We would need to use the 20mm thru-axle adapter, but my main concern is the rack limiting our ability to open the hatchback. Is there any reason I shouldn't mount the tray backwards? The rear of the tandem would hang slightly over the windshield, but I can't see this being a problem. Maybe I'm missing something?

The Ventana fits in the Subaru with both wheels off, but we often sleep in the back so I'd like to free up that area for tandem trips. Thanks in advance.


----------



## Plum (Sep 14, 2004)

I have run normal single bikes backwards from time to time, usually to help with stacking bikes on a rack bar. I've had as many as 7 bikes on top of a subaru wagon, with 5 in between the towers.

The backwards mounted trays hung over the windshield a foot or so, but it has never been an issue IME.

A longer tandem tray might raise a new issue, so I'd try it around town and to the local trailhead before heading out on the highway, but I see no reason it won't work..

Plum


----------



## ds2199 (Sep 16, 2008)

I have run the tandem rack backwards, but I am not a fan of using the tandem rack with the 20mm adapter. It seems to wobble quite a bit. As a result, we generally carry the tandem inside of our Yukon or on top of my Subaru (but the rack on the Subie is now the Sportworks U2 rack - no wheel removal required).
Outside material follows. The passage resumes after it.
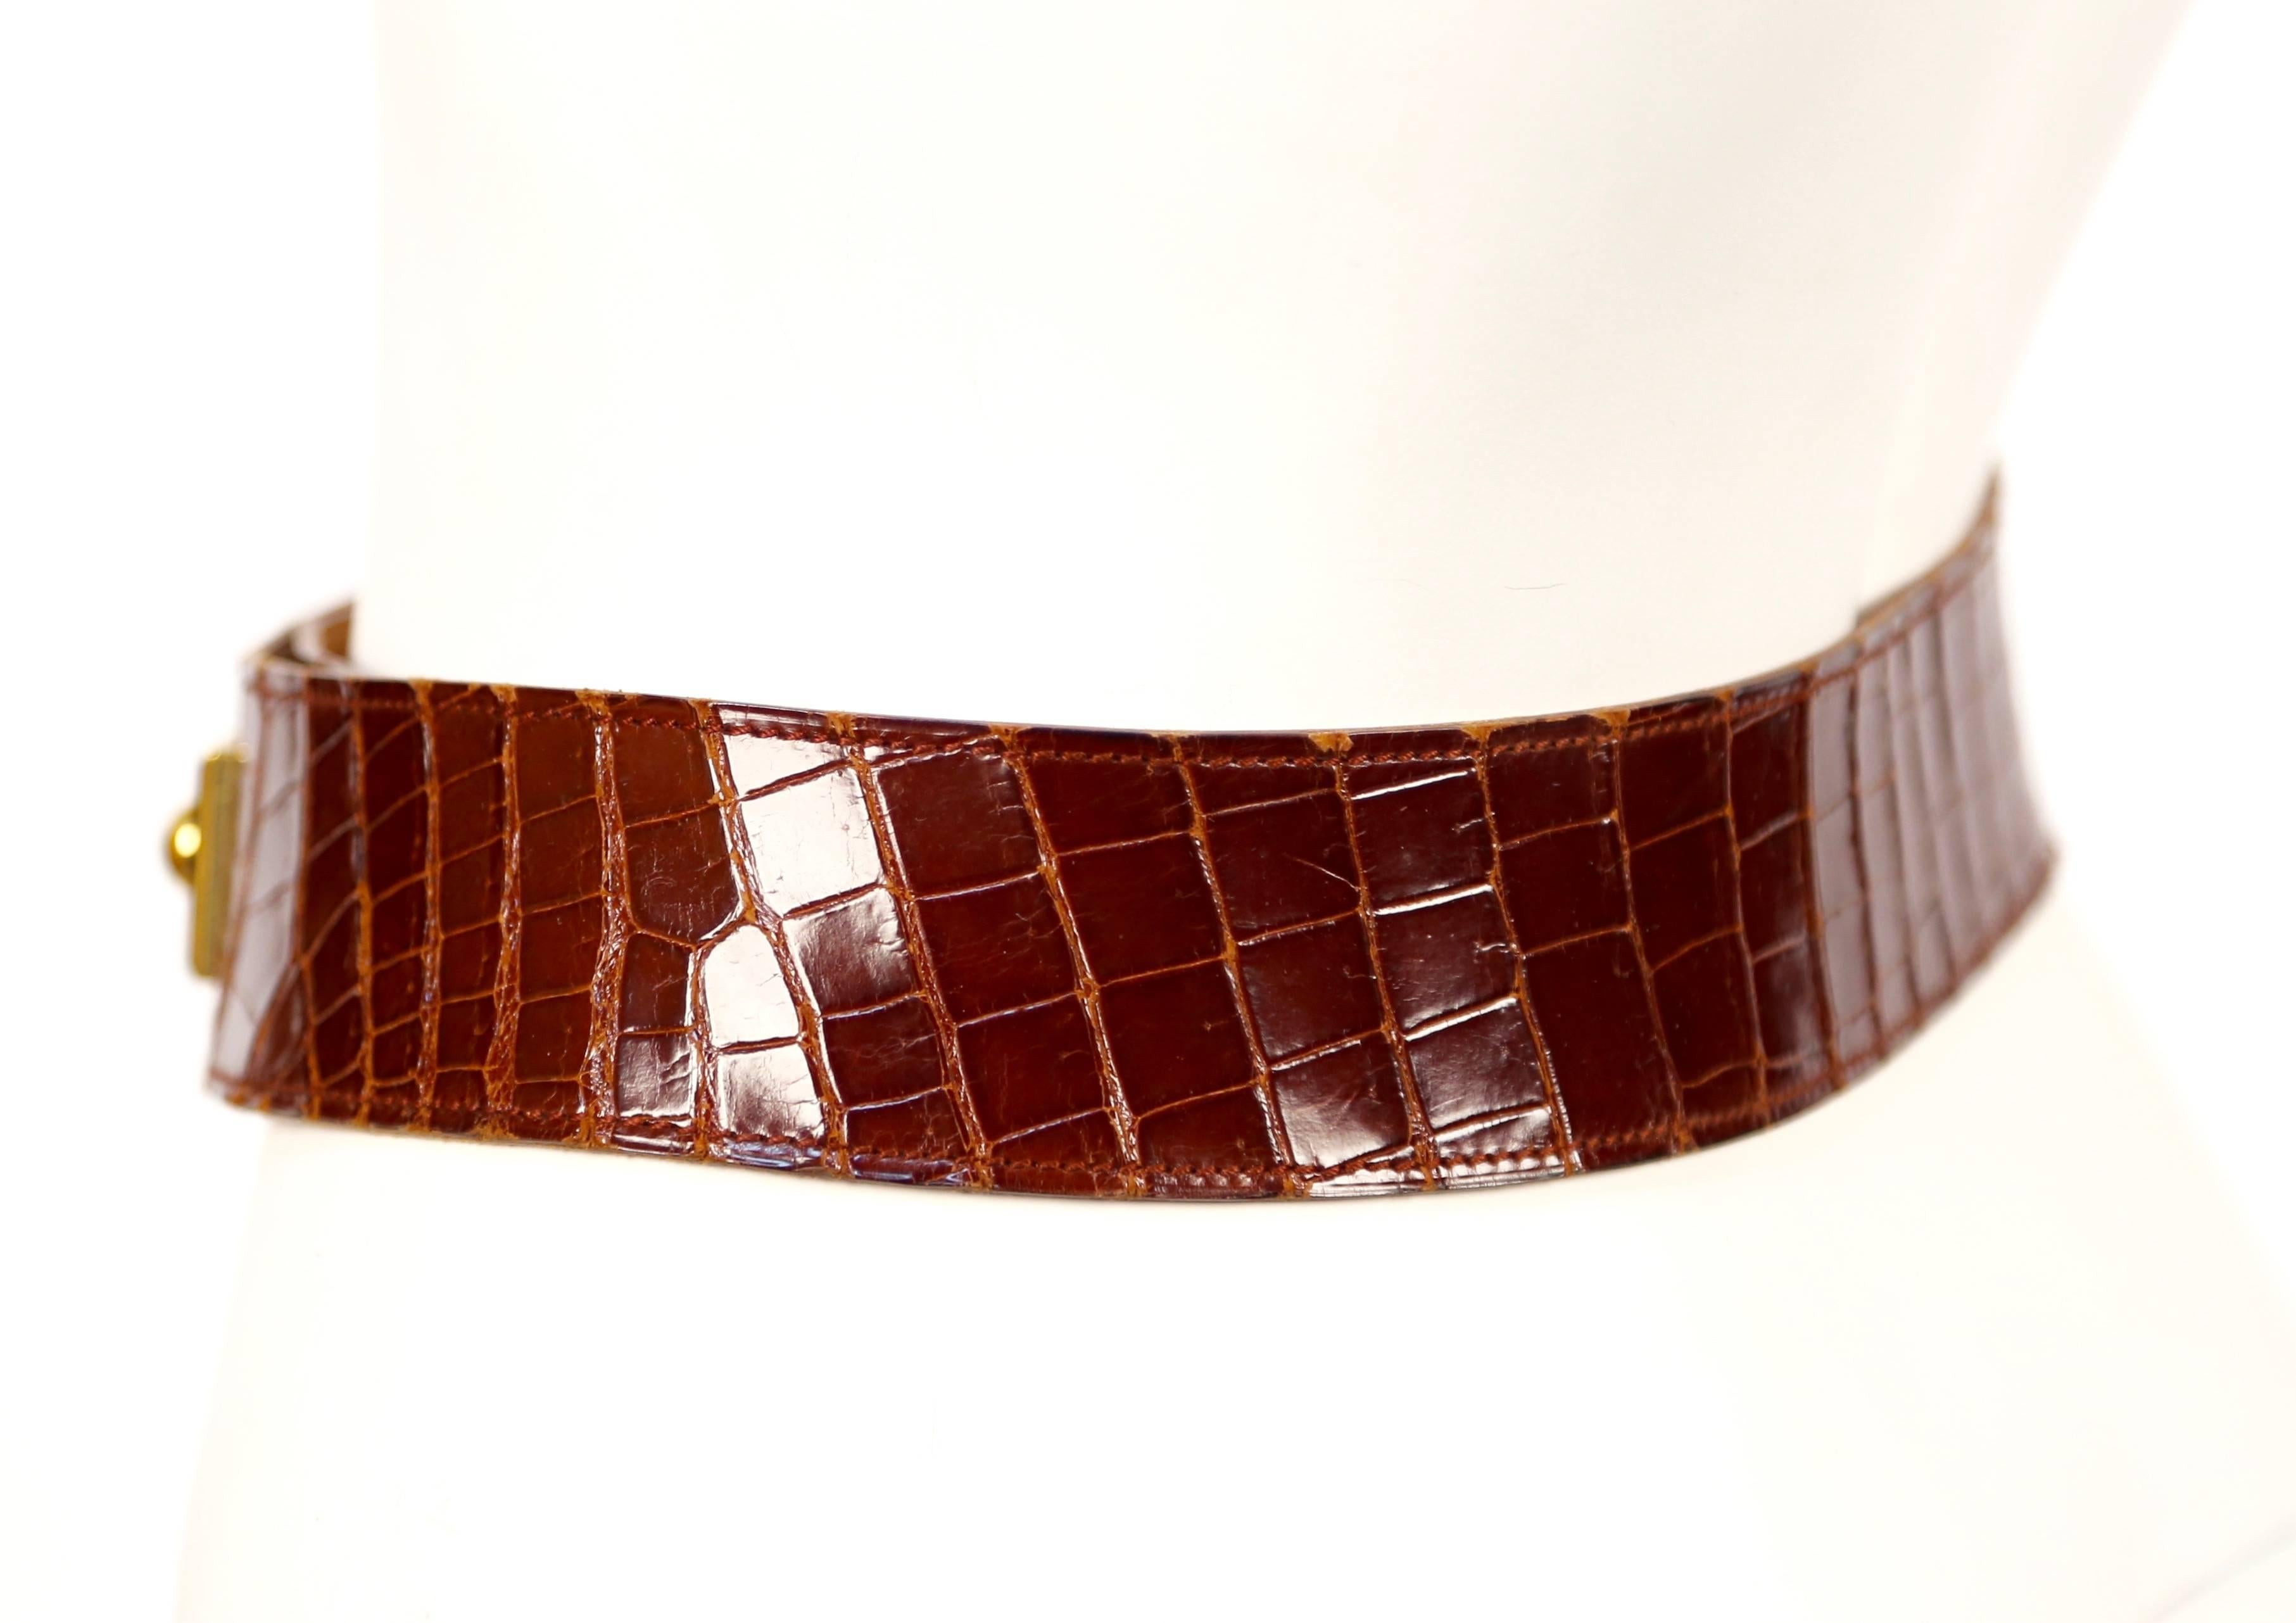 Very rare, rich brown crocodile belt from Hermes dating to the late 1960's. Belt fits a 24-27

I am exporling the use of a hitch mounted rack for carrying our new Fandango (as it will not fit inside of the Yukon). Something like one of these:

http://www.yakima.com/shop/bike/hitch/bighorn-4

or this
http://www.autoanything.com/bike-racks/69A3138A0A0.aspx

I know of at least one guy who uses the Allen rack to transport his mtb tandem. He just removes one of the wheels and it works pretty well. Anyone else use this sort of rack? I know Thule and Yakima says not to use with tandem bikes.


----------



## drdoak (Feb 7, 2005)

We have a Thule Revolver hitch rack and have carried the tandem on it with the front wheel off. Works great, and the swing-out feature is nice when you need to access the back. Just put some cloth or other soft material where the frame lays to protect the paint, as it will scratch quite badly. The bike didn't stick out more than the mirrors, and the Toyota was a relatively narrow truck. My logic is that if it was designed for 4 single bikes, it'd be fine with the tandem.

We actually used this setup to drive the 1000 miles to Leadville and didn't have any issues. I sold this truck to buy the Subaru, but still have the rack on my wife's truck. Maybe it would be better to invest in a receiver for the Subie instead of a roof tray... I just like the convenience of a roof tray being out of the way when not in use.


----------



## PMK (Oct 12, 2004)

I noticed at the Southern Tandem Rally (road tandems) that there were a lot of Draftmaster racks.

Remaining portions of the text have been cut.